May 19, 2022
Building new augmented reality experiences will require technical breakthroughs beyond just computer vision. In particular, intelligent assistants — ones that can understand natural, nuanced conversational language — will need next-gen speech systems that can do much more than just help us make a hands-free phone call or open an app on our phone.
Tomorrow’s speech recognition systems will need to be far more efficient so they can run on-device on ultralight, compact, and stylish glasses. And they will need to be much more accurate and robust — capable of disambiguating words and understanding context much as people do, able to handle a large vocabulary and uncommon words, and work well even in challenging circumstances with lots of background noise and multiple people speaking.
Meta AI is committed to advancing the state of the art in speech technology and building the technology needed to create new augmented reality and virtual reality experiences, which will be an important part of the metaverse. Speech recognition systems are already an increasingly important part of our products and services. Meta has recently deployed new speech features to support video captioning across many of our apps. This is a great outcome for accessibility, as those who are deaf or have hearing loss can read high-quality captions on videos across products. Captions in FB and IG Stories have even become integral parts of the story’s visual character, with people adjusting font, color, placement to express themselves creatively. Meta’s speech technology also powers hands-free voice interaction on Portal, Quest, and Ray-Ban Stories devices.
In this blog post, we’re highlighting new speech recognition research from Meta, including some of the papers to be presented at the International Conference on Acoustics, Speech and Signal Processing (ICASSP) this month. These projects will help advance efforts both at Meta AI and in Meta’s Reality Labs to build the next generation of devices to help people connect.
We’re excited to push the cutting edge further and enable people to interact with their devices, with content, and with other people in new, more useful, more enjoyable ways.
Speech recognition researchers across the industry and academia are continually publishing ever-improving results on widely used published benchmarks. But despite this important progress, big challenges remain. To some extent, solving these challenges requires a shift in focus away from typical speech recognition metrics, like the total number of errors on a test set (average word error rate), to newer metrics that better capture the deficiencies of current systems.
In many instances, even if the word error rate is quite low on average, misrecognizing certain critical words is enough to ruin the experience. Consider the importance of the esoteric jargon in a science video or the names of your friends in a dictated message. Recognizing these rare or previously unseen words is particularly challenging for modern “end-to-end” speech recognition systems, such as the widely used RNN-T models.
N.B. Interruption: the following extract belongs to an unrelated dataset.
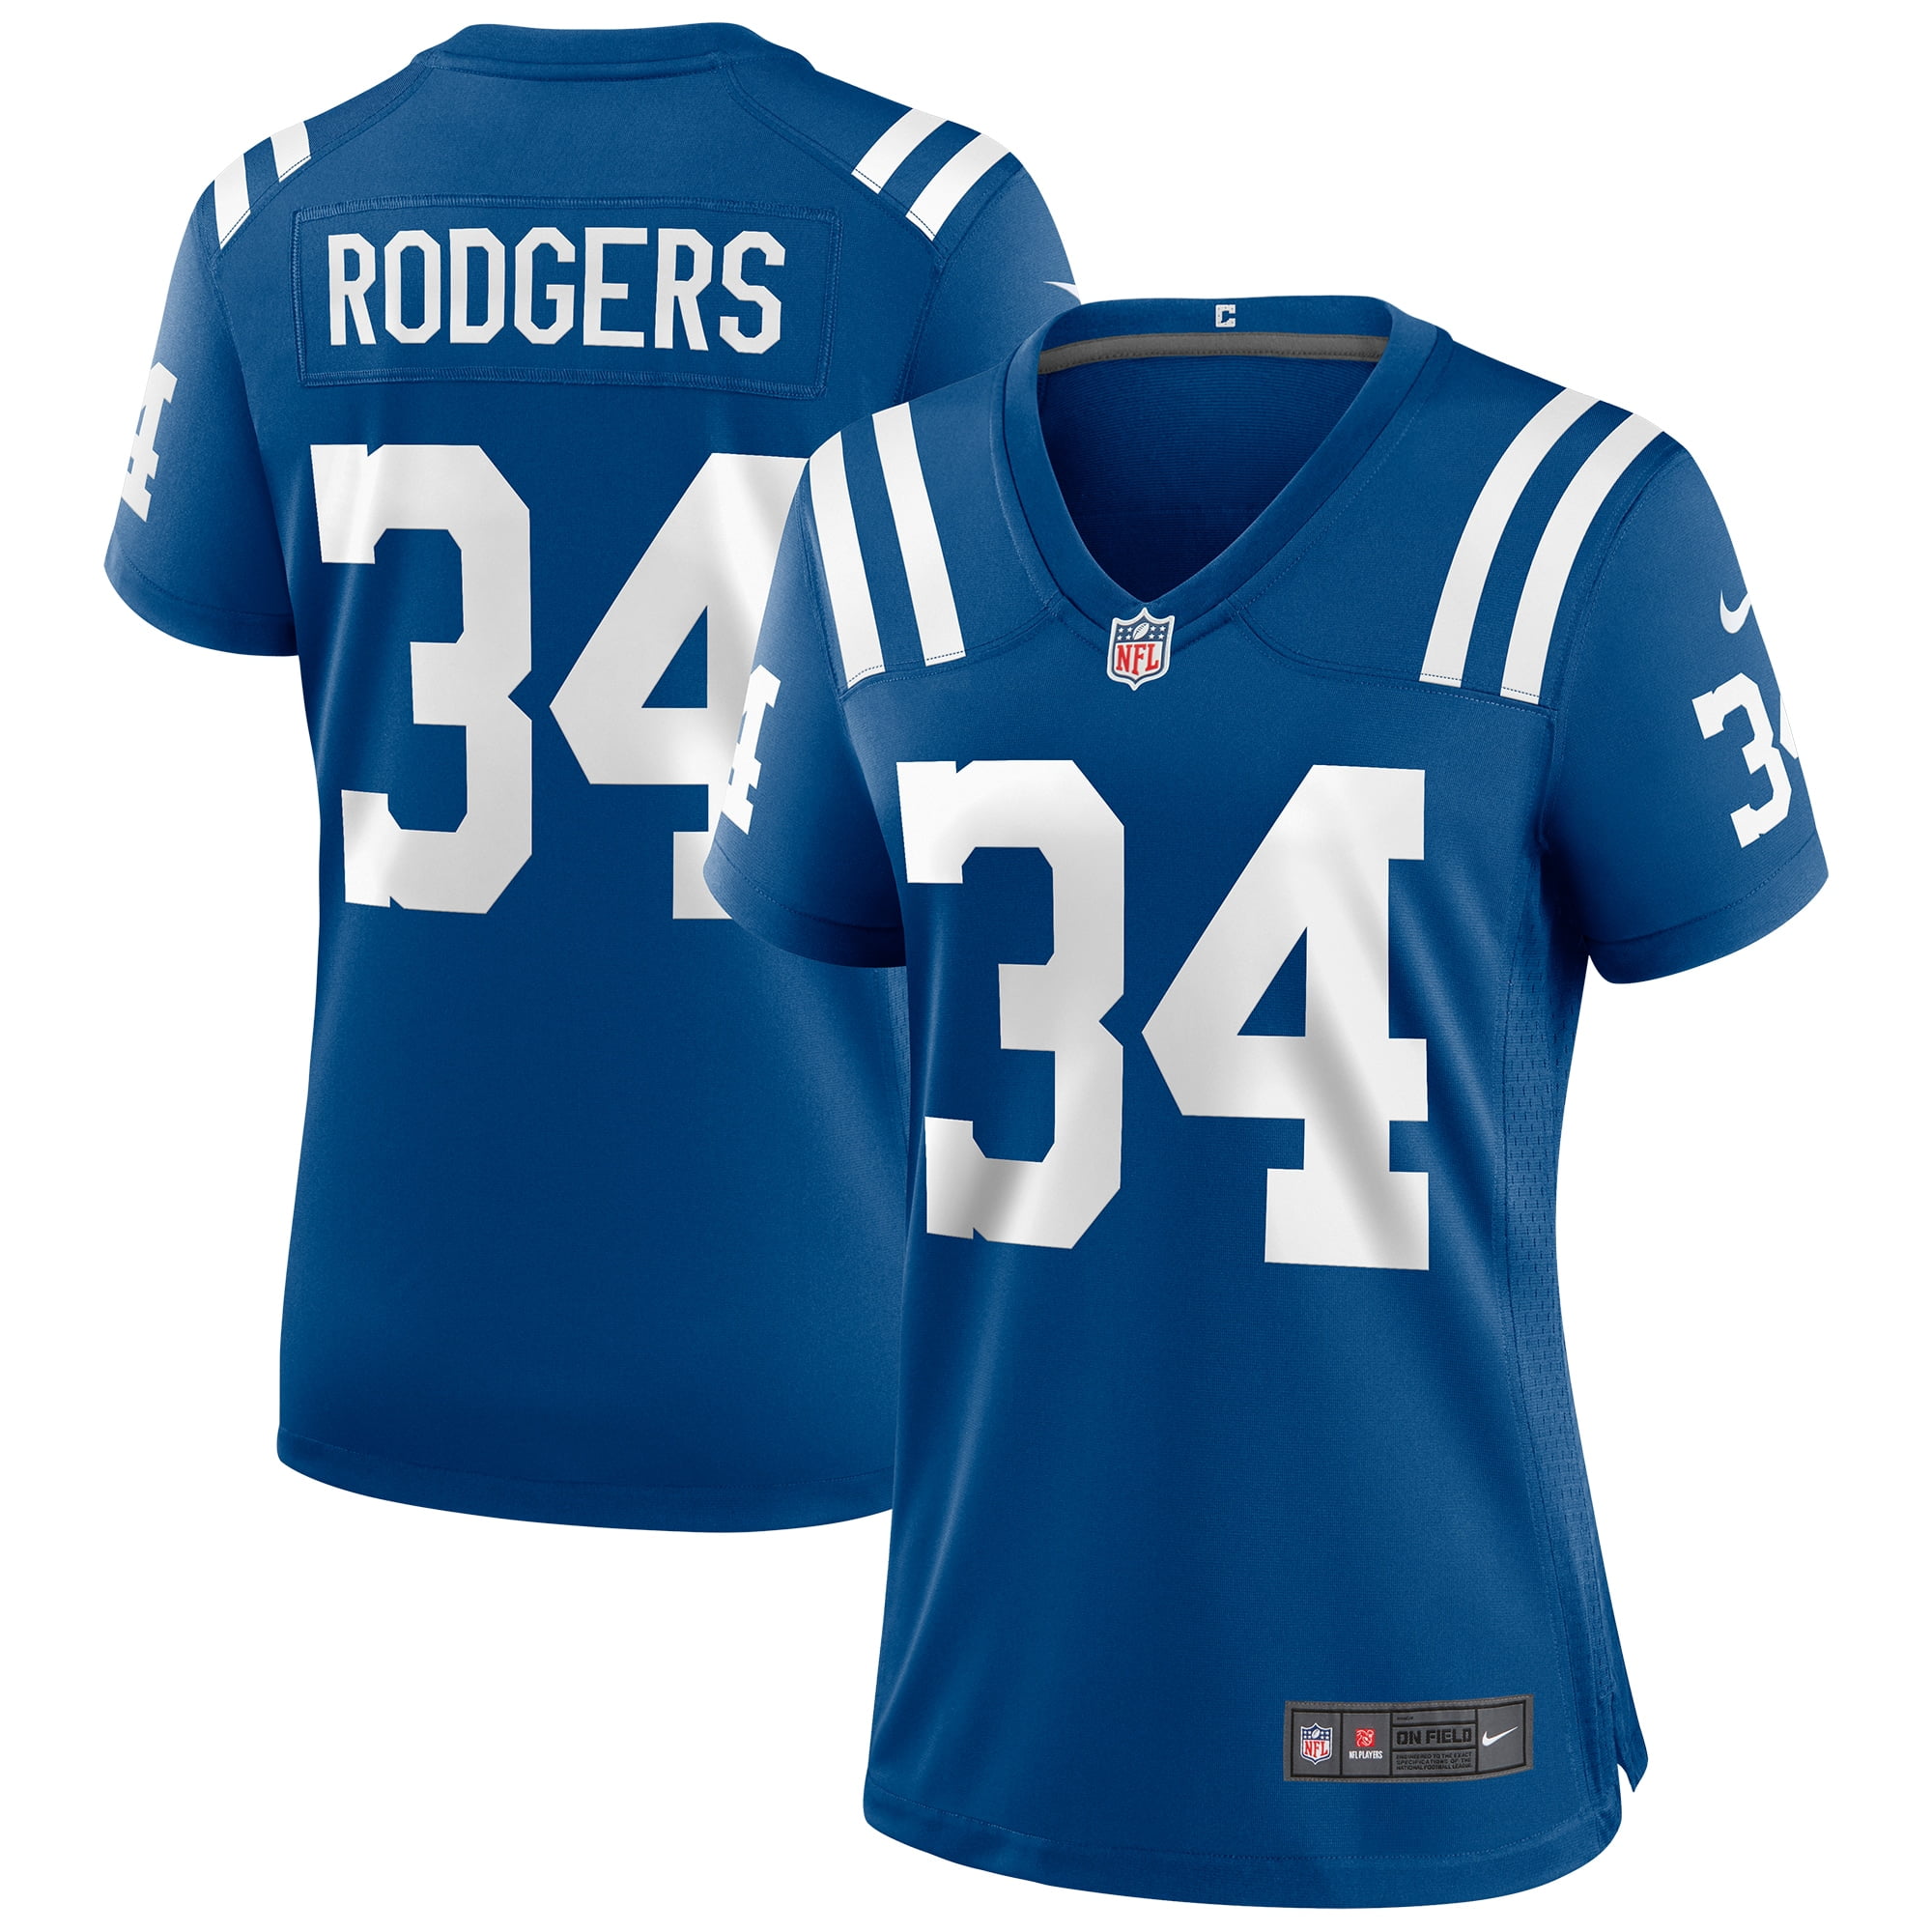 rodgers jersey

To solve this problem, we previously created a multipronged approach that improved upon the standard shallow fusion approach by incorporating trie-based deep biasing and neural network language model contextualization. This resulted in 20 percent fewer errors compared with shallow fusion. At ICASSP, we are presenting the Neural-FST Class Language Model (NFCLM), which further improves upon this work. The NFCLM models generic background text and structured queries with entities (e.g., song requests) with a unified mathematical framework. This results in a model that achieves a better performance tradeoff between recognition of rare words and more common words, while having the additional benefit of being more than 10 times smaller.
Another area we have focused on is fairness and responsible AI. While the primary word error rate metric used in the research community focuses on a single number that represents the total number of errors in a dataset, it does not capture the differences in performance across different populations. Meta AI recently released the Casual Conversations dataset, a set of videos designed to measure fairness in computer vision systems along dimensions of gender, age, and apparent skin tone. At ICASSP, we are sharing a recent analysis of the speech recognition performance of this corpus along these same dimensions, in which significant variation across gender and skin tone was observed. We are making the transcriptions from the Casual Conversations dataset publicly available in hopes of motivating other researchers to study this problem and create speech systems that work well for all populations. We are also introducing a method to more accurately measure and interpret any differences in speech accuracy among subgroups of interest.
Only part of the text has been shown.